INSTRUCTIONS TO FOLLOW: Reproduce the listing below word for word and exclude any picture.

COLLECTED DATA Start Marker

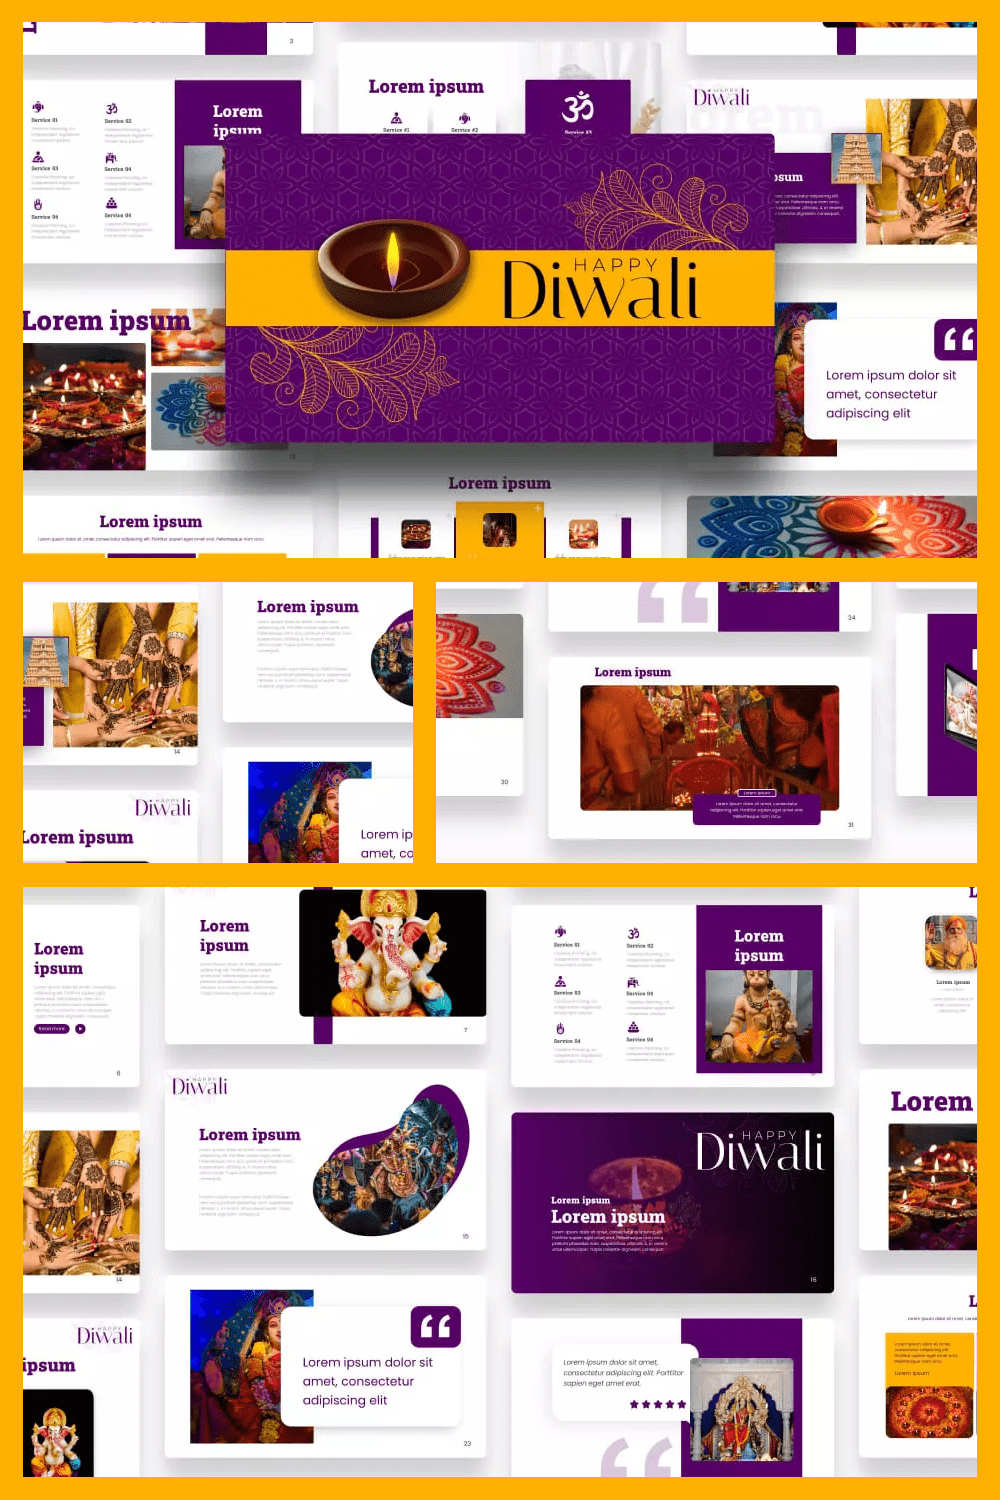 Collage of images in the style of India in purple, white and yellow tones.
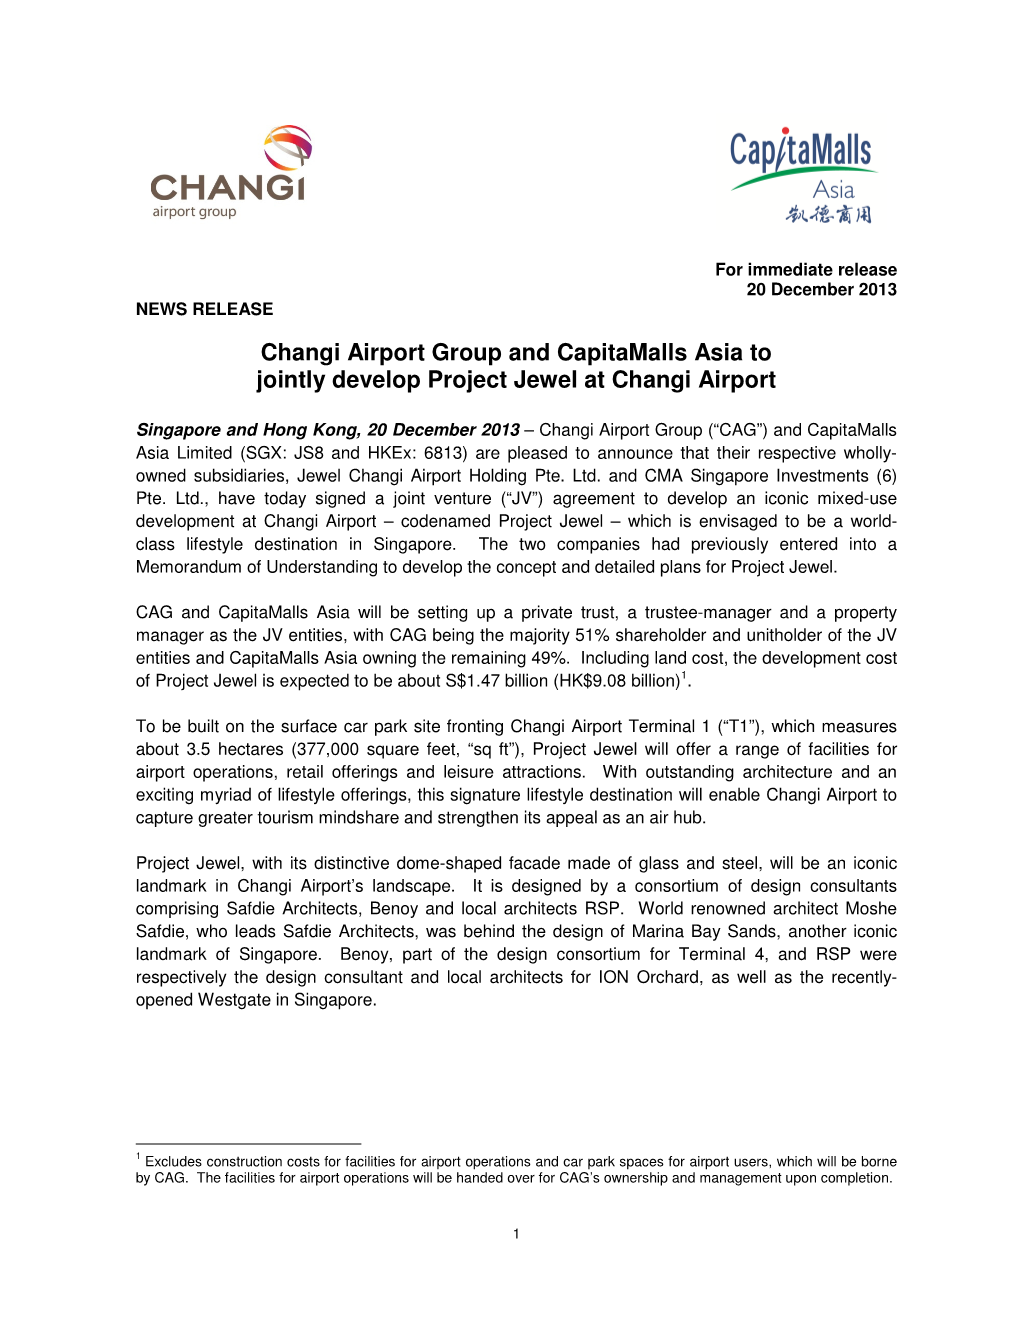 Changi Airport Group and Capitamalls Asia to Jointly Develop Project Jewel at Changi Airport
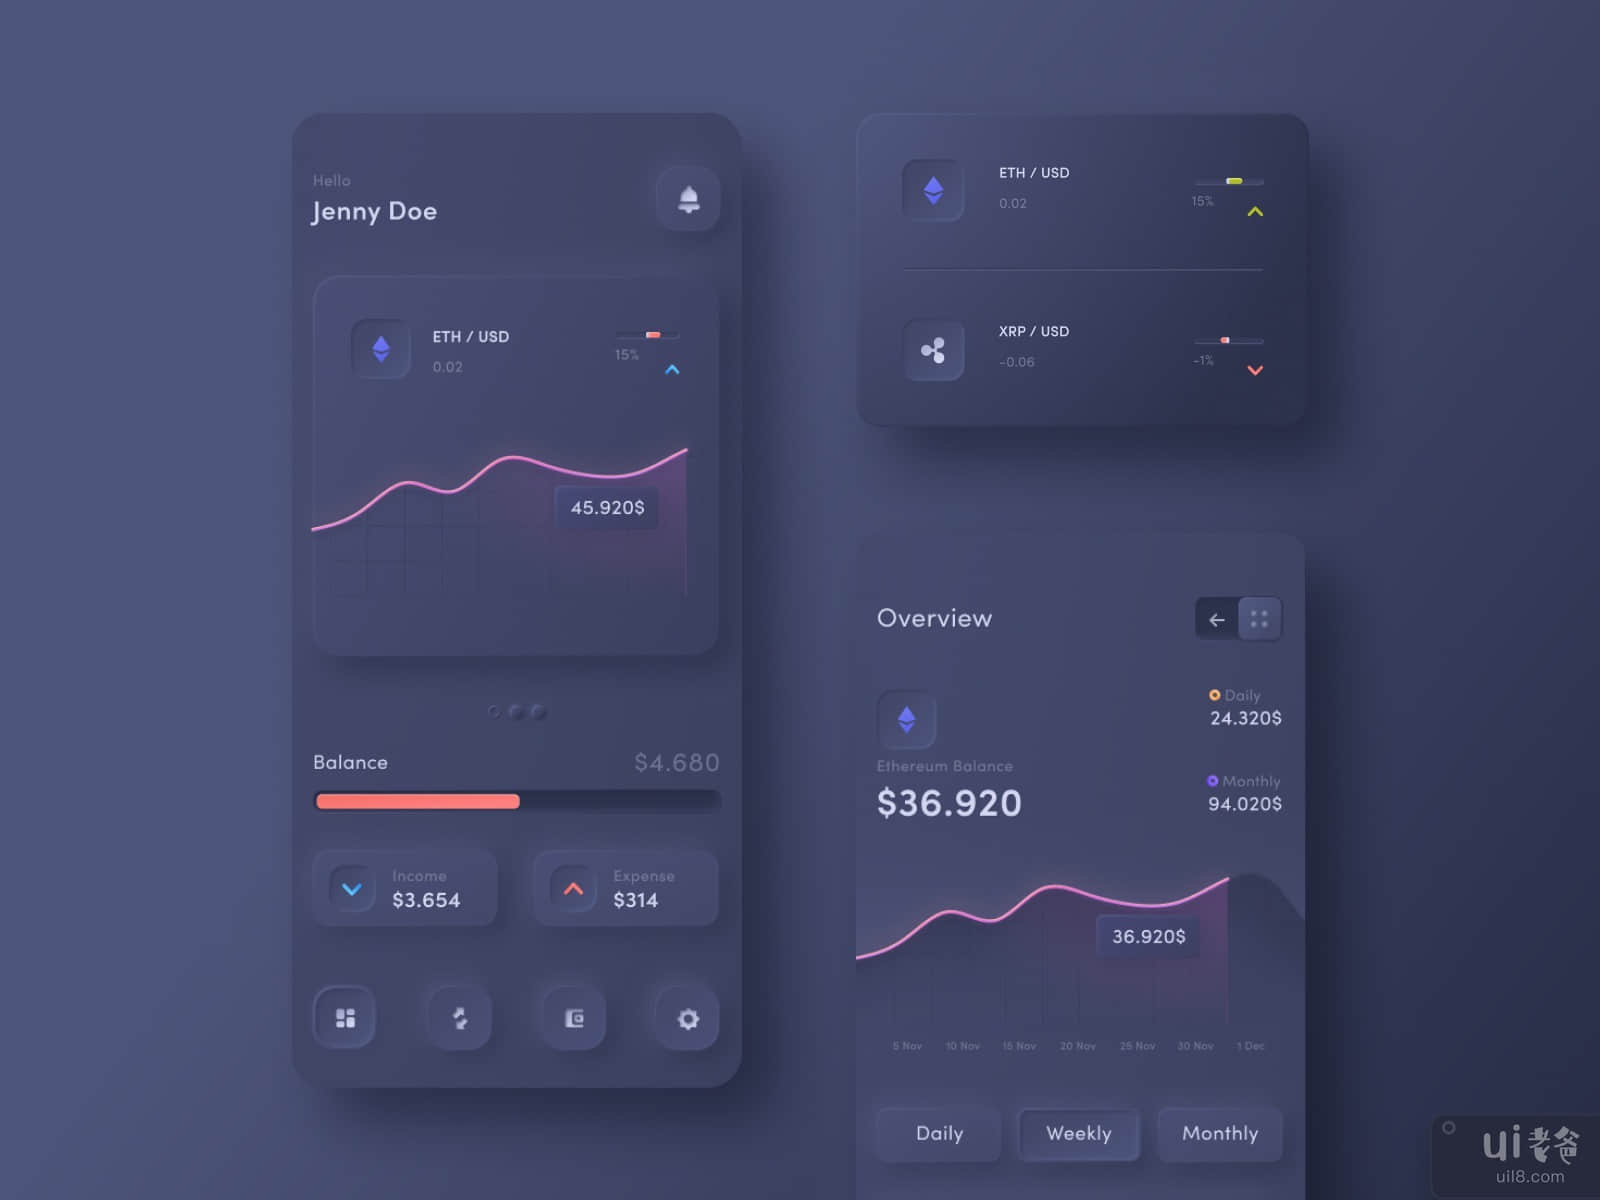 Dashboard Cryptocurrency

COLLECTED DATA End Marker

TASK ANSWER:
 Collage of images in the style of India in purple, white and yellow tones.
 Changi Airport Group and Capitamalls Asia to Jointly Develop Project Jewel at Changi Airport
 Dashboard Cryptocurrency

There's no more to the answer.